Si le Goju-Ryu a lui aussi suivi une logique d’ouverture au plus grand nombre et fut progressivement organisé pour être enseigné aux étudiants en masse, mais aussi pour faire face aux enjeux sportifs, modifiant ainsi progressivement, mais radicalement l’esprit originel, il conserve toujours un courant de pensée plus radicale à la recherche du concept d’efficacité martiale. Parmi les styles héritiers du Goju-Ryu on trouve en effet les styles « sportifs » de plein contact, comme le Kyokushinkai de Masutatsu Oyama. À Okinawa, ce sont les maîtres Higa Seiko, Yagi Meitoku, Eiichi Miyazato qui furent les continuateurs officiels de Myagi Chojun, jusqu’à la fin du XXe siècle.

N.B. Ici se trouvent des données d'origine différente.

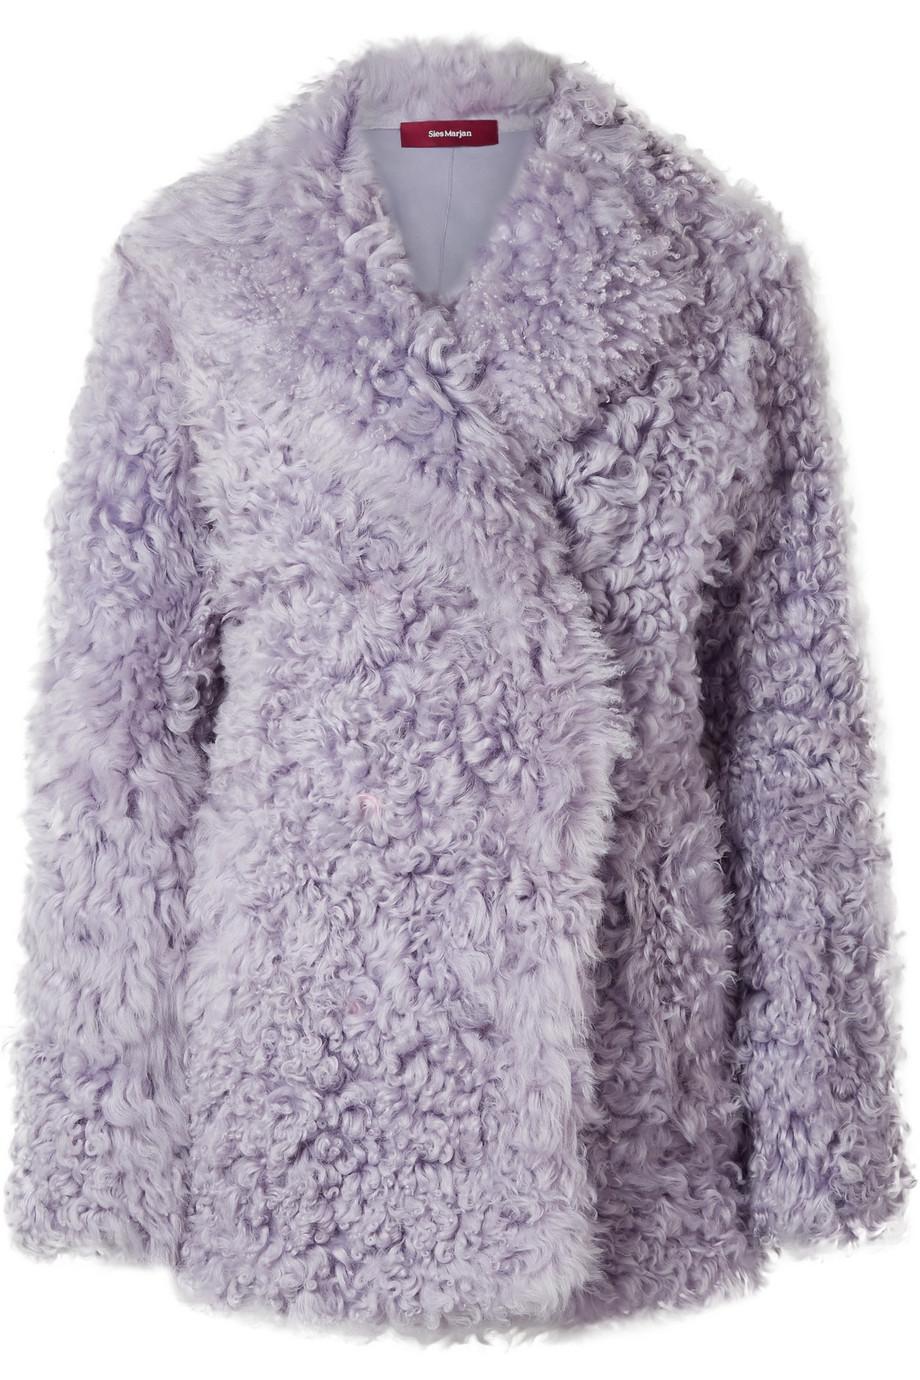 SIES MARJAN Pippa shearling coat, £2,195

Uechi-Ryu, plus chinois encore !

Kambun Uechi est un homme de la campagne. C’était le fils d’un ancien samouraï devenu fermier au moment de l’entrée dans l’Ère Meiji, installé dans le village de Motobu, au nord d’Okinawa. Il part en Chine en 1897, dans cette province de Fukien (Fujian) en face d’Okinawa fréquenté par tous les aspirants okinawaiens à la connaissance, probablement pour échapper à la conscription dans l’armée japonaise, et comme Higaonna notamment, à la recherche de l’art du combat. Il y restera plus de dix ans, s’écartant des sentiers battus par les autres experts d’Okinawa pour devenir l’aide et le disciple d’un herboriste chinois qui lui apprend le style Pangai-noon, aujourd’hui disparu en Chine, et qui veut dire à peu près la même chose que go-ju : dur – doux. Revenu en 1910 à Okinawa, il se consacre à la propriété familiale, refusant d’enseigner son art. Peut-être pour passer inaperçu auprès des autorités (il est déserteur), mais aussi, dit la légende parce que lui, ou un de ses élèves chinois, aurait tué un homme dans une rixe. Mais son expertise finit par se remarquer et les élèves potentiels insistent. Itosu le voit faire une démonstration du kata Sanchin, qu’il pratique mains ouvertes selon des modalités plus traditionnelles, et lui demande de faire partie des professeurs officiels de l’Okinawa-Te, la fédération de tous les styles de l’île. À sa mort cependant, Kambun Uechi prend ses distances. Il finira par aller à Nagoya au Japon travailler dans une usine textile, enseignant là aussi avec discrétion à la communauté okinawaienne. Ce n’est qu’en 1940 qu’il commence à prendre plus d’élèves et change le nom du style en « Uechi-Ryu ». Il rentre à Okinawa en 1946 et meurt deux ans plus tard. Bien que n’étant pas à proprement parler de l’influence du Naha-Te, le Uechi-Ryu puise aux mêmes sources et peut-être encore plus profondément. Il est considéré à Okinawa comme une boxe chinoise, proche de ses origines martiales. Il est plus rude, plus direct, plus explosif que le Goju-Ryu. Les postures poings fermés sont rares et il privilégie le corps à corps avec des attaques de jambe basse avec la pointe des orteils. Le renforcement du corps par les exercices traditionnels en est une base essentielle du style qui a pour objet de faire du corps une arme. Sous l’influence de la boxe thaïlandaise, les écoles modernes renforcent aussi les jambes, ce qui n’était pas le cas au départ.
Au Japon comme à Okinawa, où fut implanté le Hombu Dojo du style, fréquenté par beaucoup d’étrangers notamment américain, c’est son fils Kanei Uechi, qui fut le principal organisateur et codificateur de l’école Uechi-Ryu. Le fameux Kiyohide Shinjo, actuel 9e dan de karaté, invaincu en compétition à Okinawa pendant neuf ans et surnommé le « Superman d’Okinawa », est l’un des grands continuateurs du Uechi-Ryu sur l’île.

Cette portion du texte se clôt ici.